Results on optimization of phase change material in the building envelope showed maximum reduction in heat energy Q_on transferred into the modeled office by 7.3, 8.7, 15 and 14% for west, east, north and south oriented office respectively. It was also observed that phase change layer presence obviously modifies the hourly air temperature increases when it depends on orientation to sun. As thicker the phase change material layer was used, the faster and higher the temperature increases within the off-time period.

Results also showed that phase change material type as a layer in the envelope has to be less isolated from indoor air media. Phase change material was also seen to balance heat flux profile much better if envelopes are under moderate heat loads.

Integrated parameter of the liquid phase fraction when oriented to west and south showed that phase change material provides minor charging or discharging only in the envelope although efficient phase change material work stimulates a higher alteration of V_liq as thicker phase change material better resists to the night ventilation conditions and holds more discharged phase change material makes the indoor temperature worse.
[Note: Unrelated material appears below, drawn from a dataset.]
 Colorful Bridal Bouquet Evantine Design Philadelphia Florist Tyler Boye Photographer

Customary office aeration at night and on Sundays without air conditioning was found to have negative consequences such as overheating which was attributed to the day by day heat energy accumulation during hot periods in summer and insufficient cooling to discharge the relatively thick phase change material layers through envelope interior (fiber reinforced polymer and gypsum plate).
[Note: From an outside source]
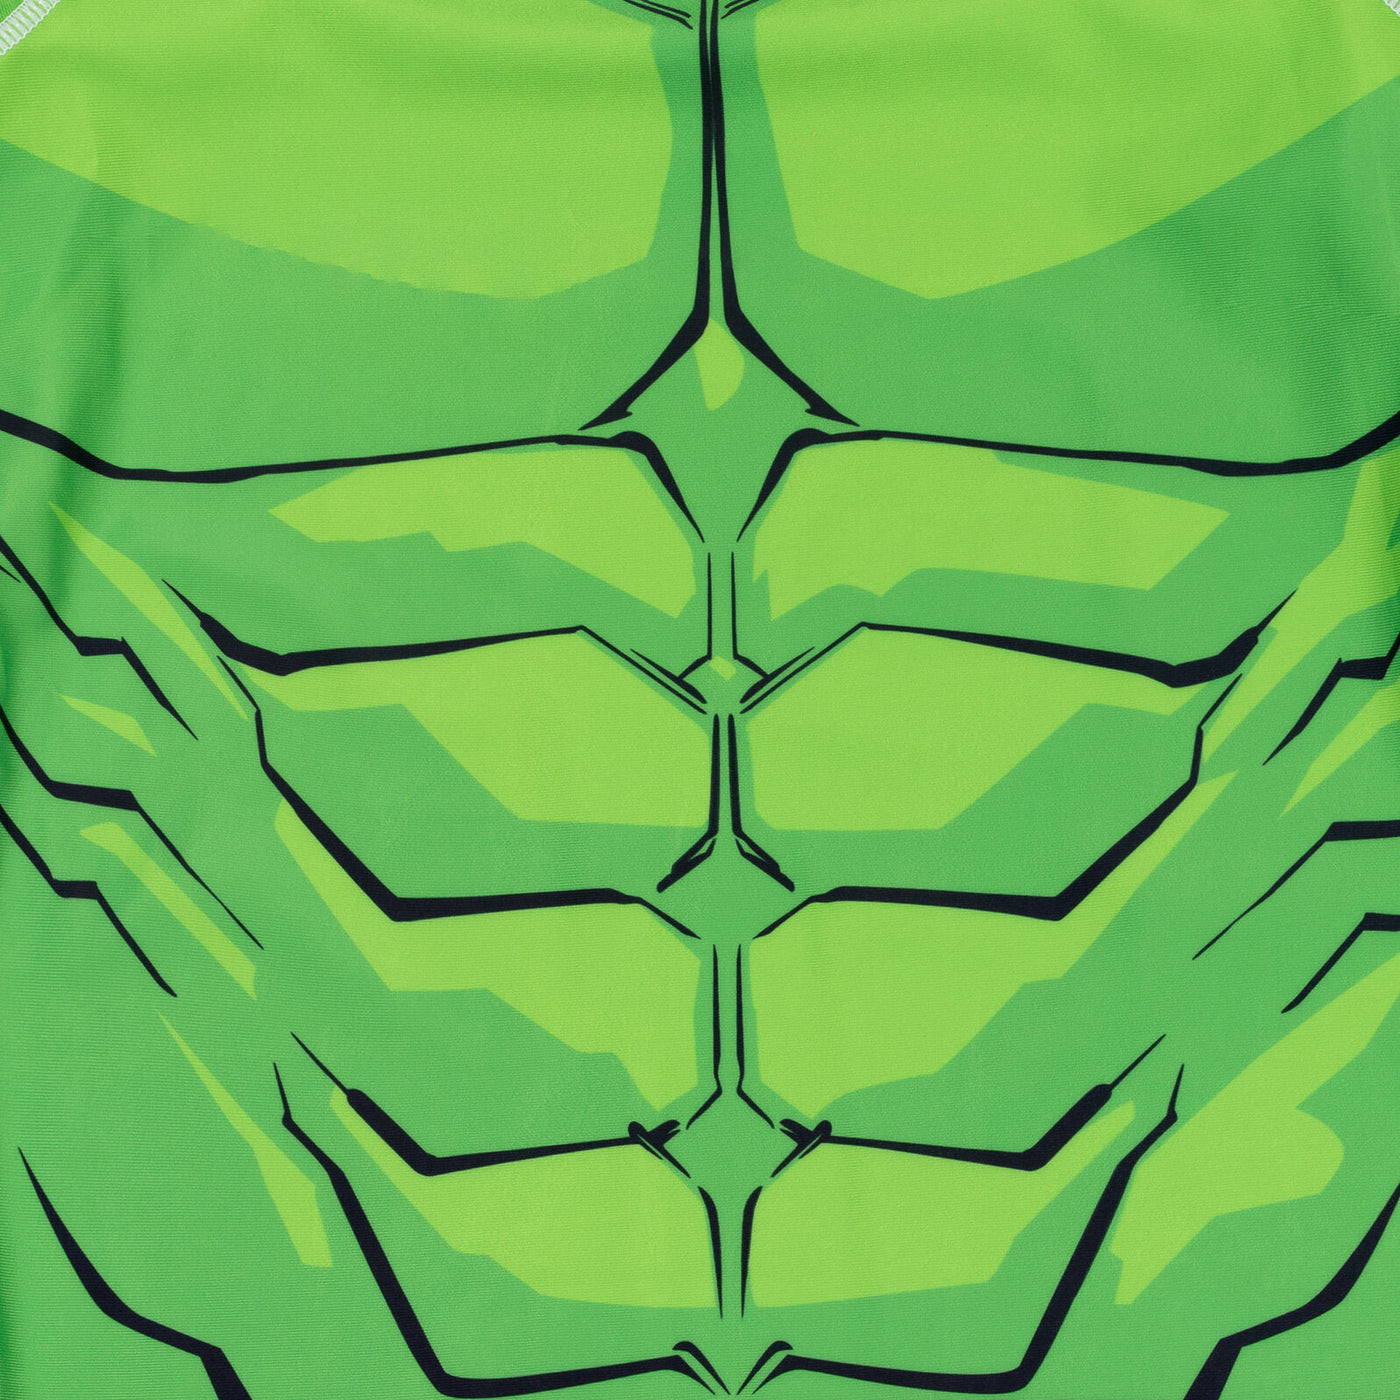 Marvel Avengers The Hulk UPF 50+ Rash Guard Swim Shirt

Overheating effect was minimized in realistic office building model containing the envelope window assembly while phase change material layers effectively balances the diurnal cooling power. Additional thermal mass does not provide further improvement even though it embodies the envelope with a slightly higher thermal resistance.

This study highlighted that phase change material layer has to be less isolated on the interior to provide rapid thermal exchange and control of the office temperature.

Acknowledgement: This research is supported by UCRUSAL as part of the funded research on the development  of large-scale pre-insulated fiber reinforced aluminum envelopes and cantilevered roof systems.